== PROBLEM STATEMENT ==
Return each line of the data below verbatim; pictures are to be left out.

== INFORMATION PROVIDED ==
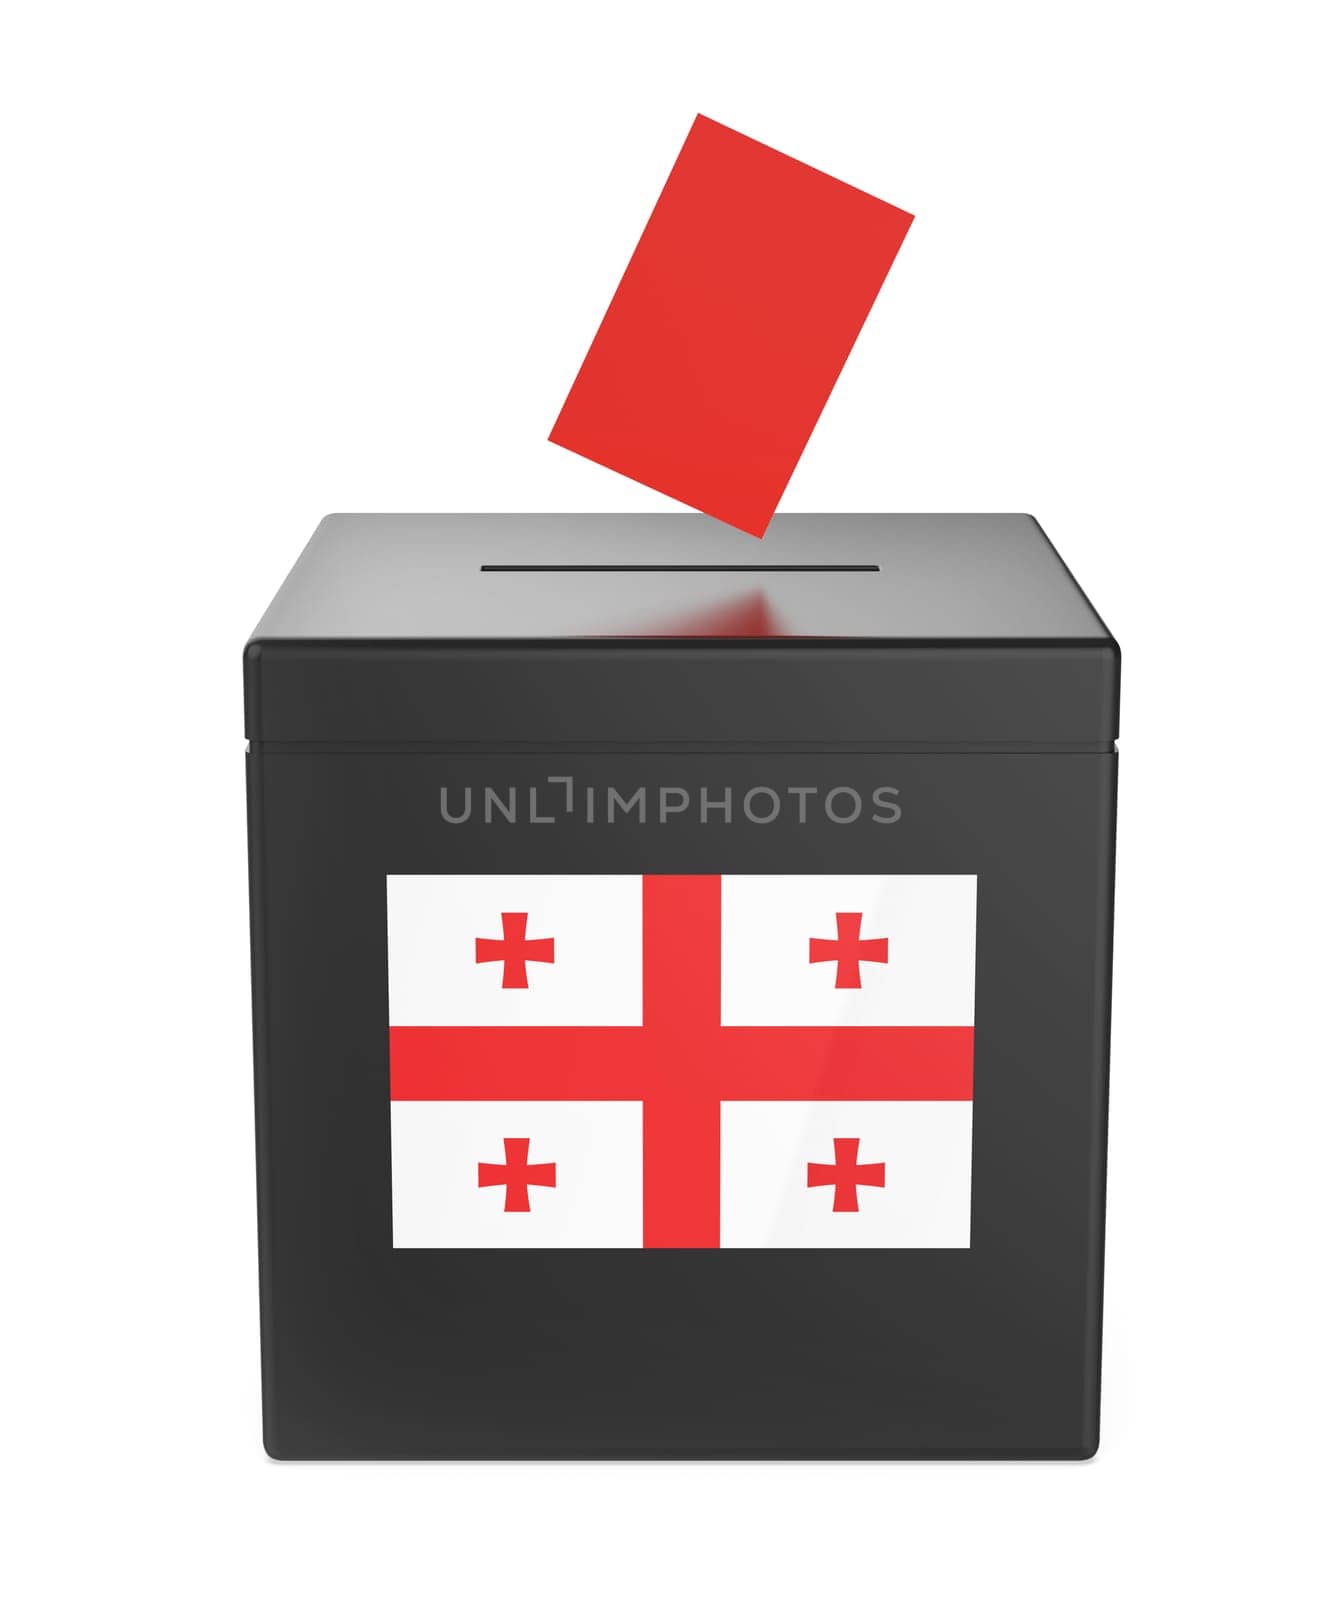 Concept image for elections in Georgia by magraphics
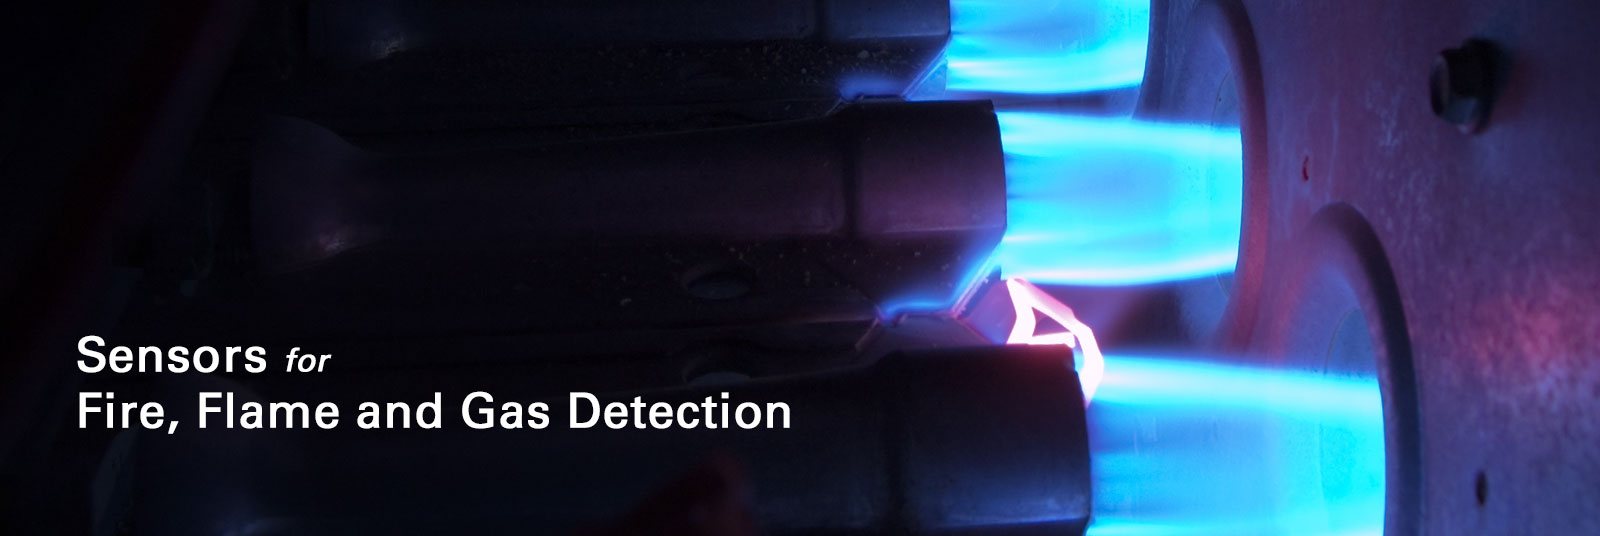 Sensors for fire, flame and gas detection.
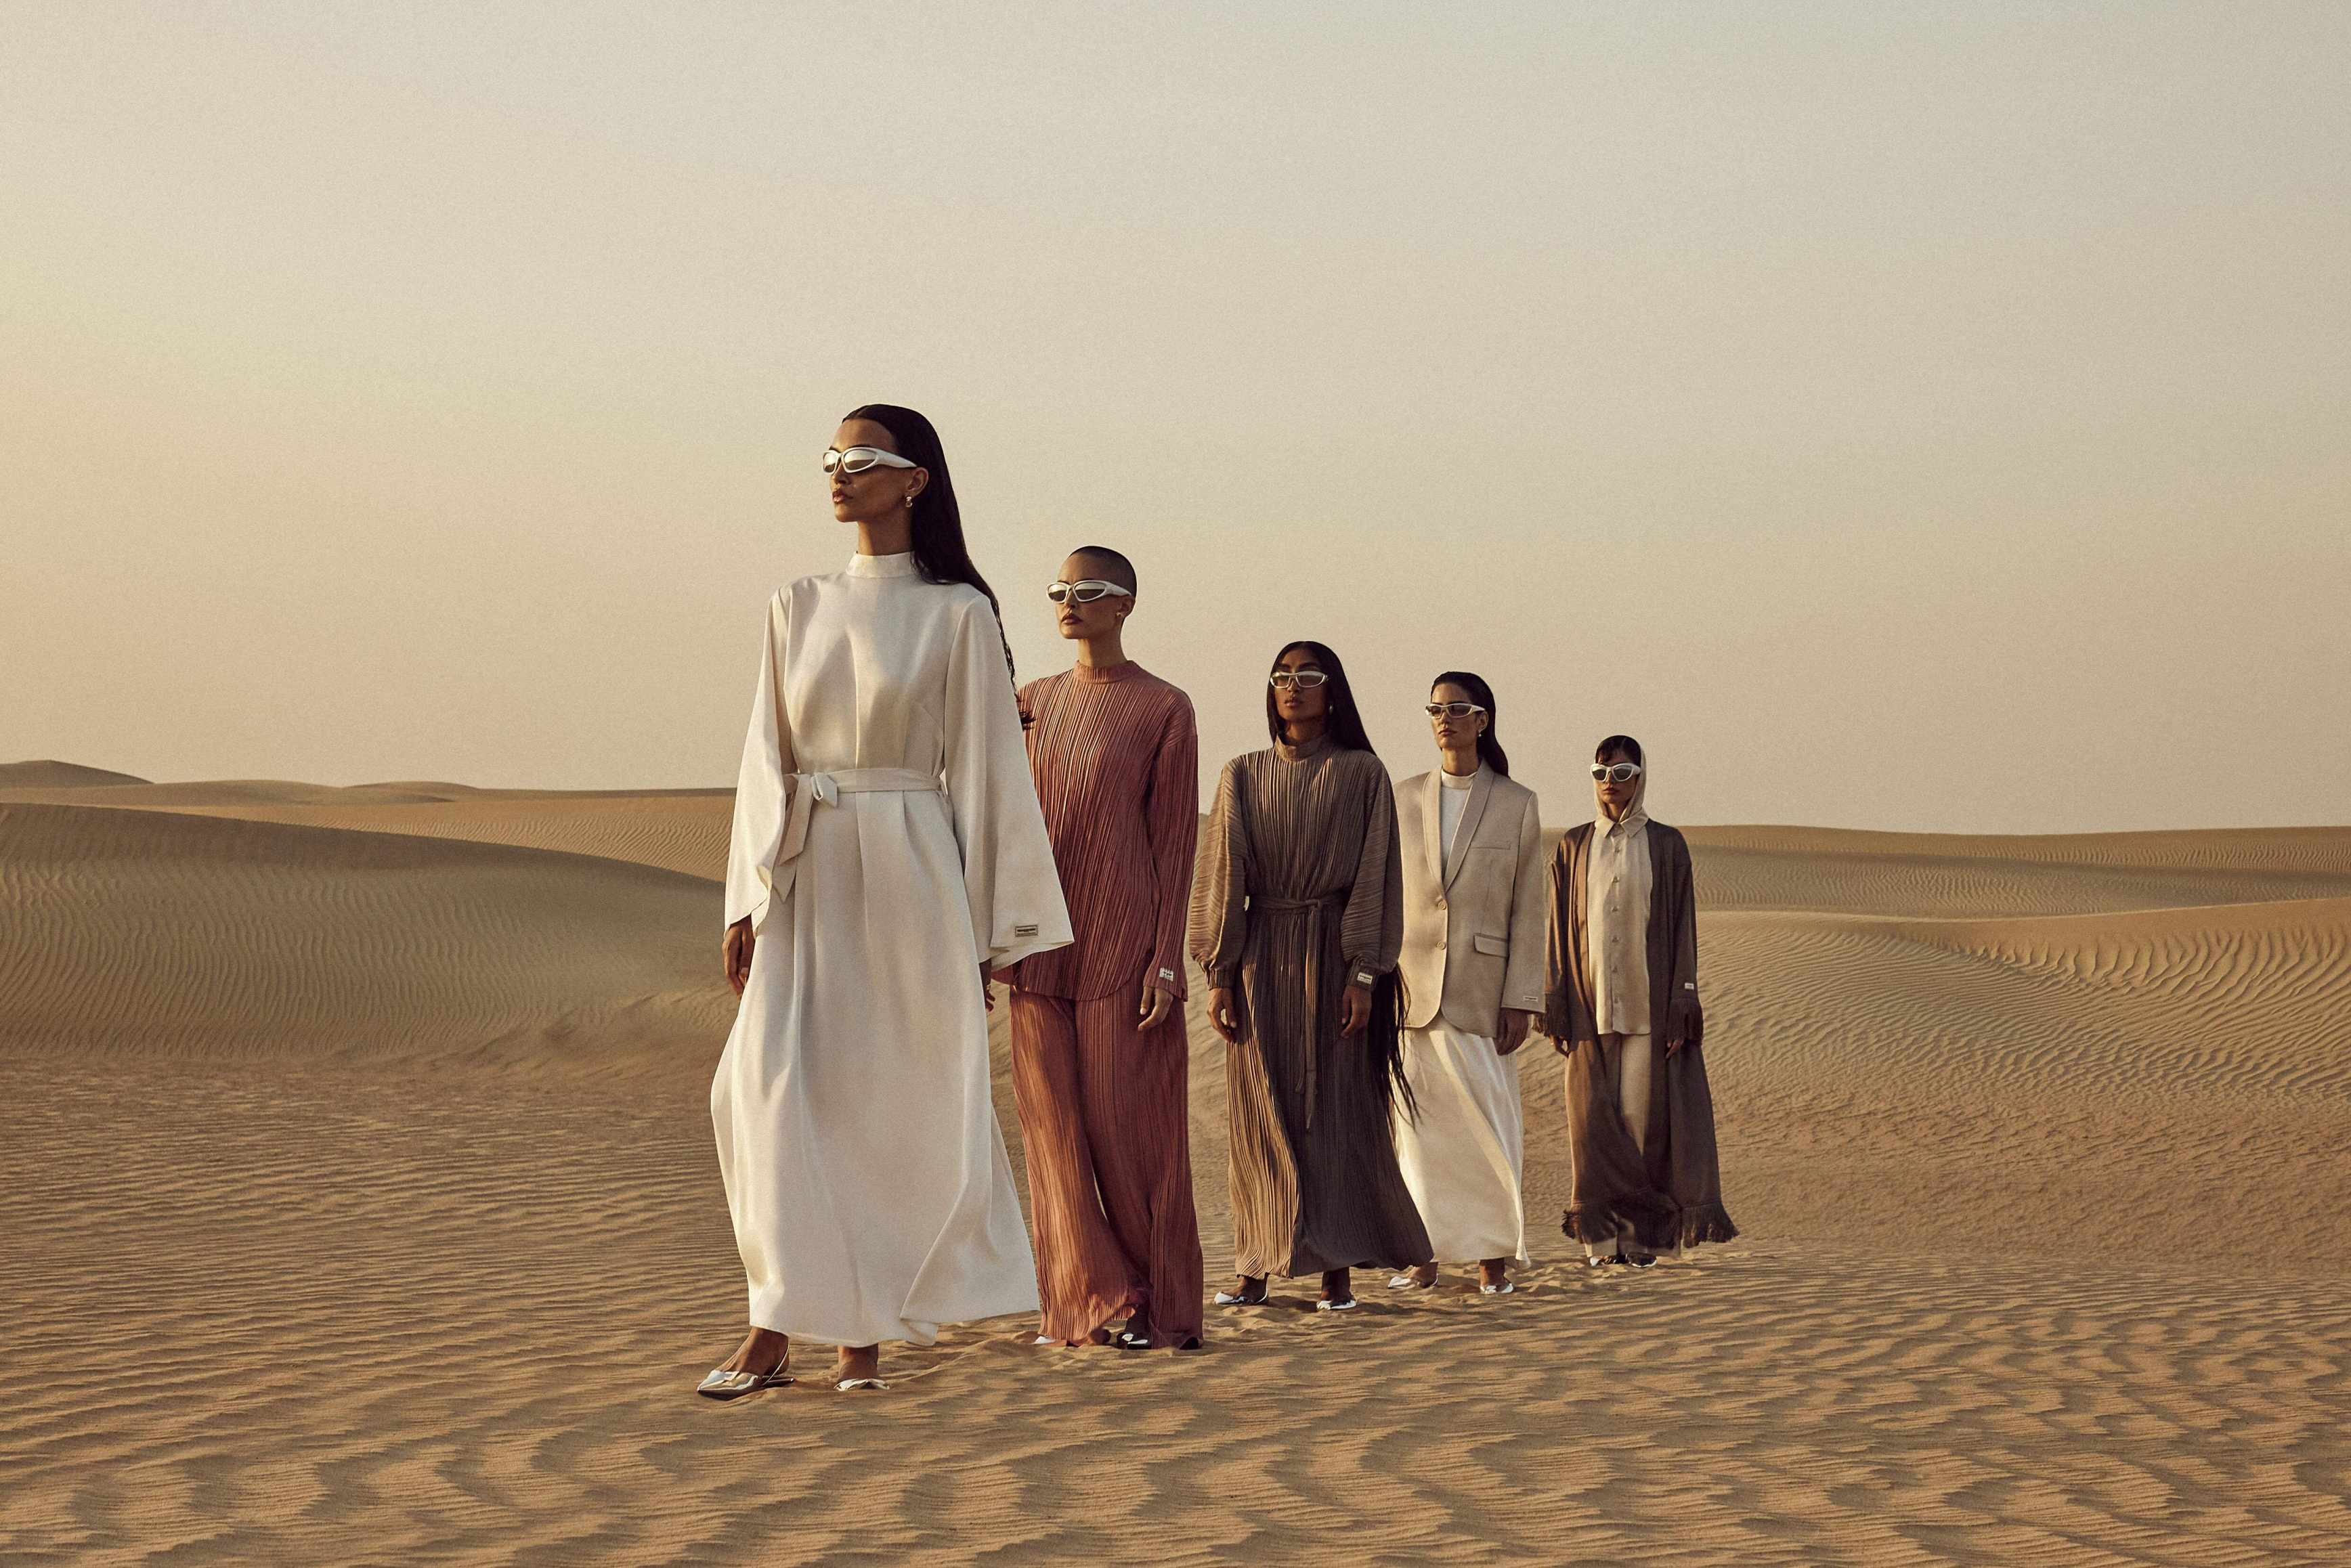 INTRODUCING THE MICHAEL KORS RAMADAN 2023 CAPSULE COLLECTION – The

== RESULT OF THIS TASK ==
 Concept image for elections in Georgia by magraphics
 Sensors for fire, flame and gas detection.
 INTRODUCING THE MICHAEL KORS RAMADAN 2023 CAPSULE COLLECTION – The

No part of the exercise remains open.